2. The evidence indicated strongly that conditionality was
largely ineffective, and indeed the current development discourse
reflected this. In practice, conditionality had not decreased
and might well have increased. This could lead to a large-scale
waste of public resources.
3. The evidence that conditionality did not work was well
established. Tony Killick's own earlier work had illustrated
the high frequency of breakdown of IMF programmes and the
poor correlation between the quality of aid countries policy
and support by World Bank structural adjustment programmes.

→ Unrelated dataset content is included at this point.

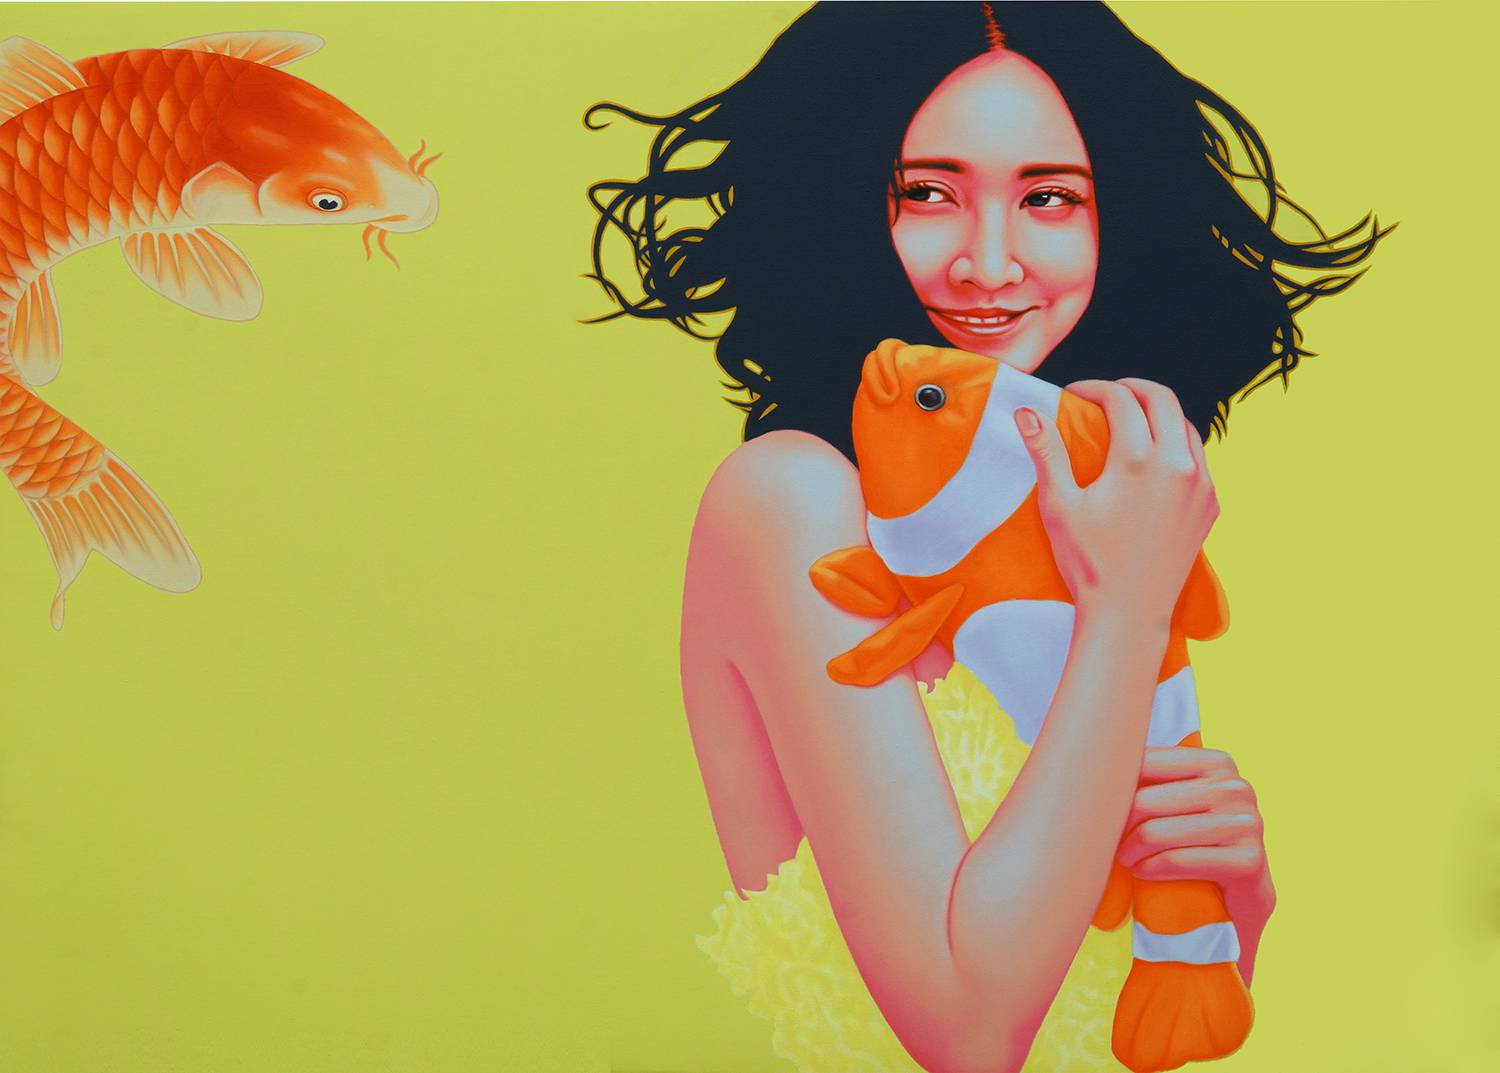 鱼.女孩 Fish Girl 100x130cm 布面油画 oil on canvas

Structural adjustment, he argued, had been wholly ineffective
in achieving either an improvement in policy or a high average
standard.
4. It was important to understand why compliance with conditionality
was poor. Part of the reason was that local politics tended
to dominate the outcome, but it was also important that the
incentives on staff in the international financial institutions
were not such as to encourage them to pursue non-compliance.
In fact, the threat of aid withdrawal was not usually carried
out.
5. Since the early 1990s, the conventional wisdom had been
to reduce conditionality. However, the number of conditions
in World Bank and IMF programmes had only fallen very slowly,
and those that were legally binding had fallen least of all.
Furthermore, a new kind of conditionality had been introduced
through Policy Reduction Strategy Papers.
6. Tony Killick concluded that it was important to find alternative
ways of doing business.
7.
The discussion spent some time analysing different kinds of
conditionality. Some participants commented that there was now
a high degree of consensus between donors and e.g. African governments
on the way forward, and that therefore most conditionality was
now consensual. Furthermore, there was a difference between
conditionality on substance and conditionality on process, with
the latter being less damaging and difficult. Tony Killick was
somewhat sceptical of these arguments. He argued that conditionality
related principally to policies governments would either not
implement at all or not implement quickly enough. He described
these as "hardcore" conditions, and suggested that
the earlier conclusions still applied. He also thought it unlikely
that the new consensus resulted in any way from conditionality.
The World Bank itself had found in countries like Mexico and
South Africa that patient dialogue and influence was a better
way to change the mind of government. He thought partnership
might be a better way forward than conditionality.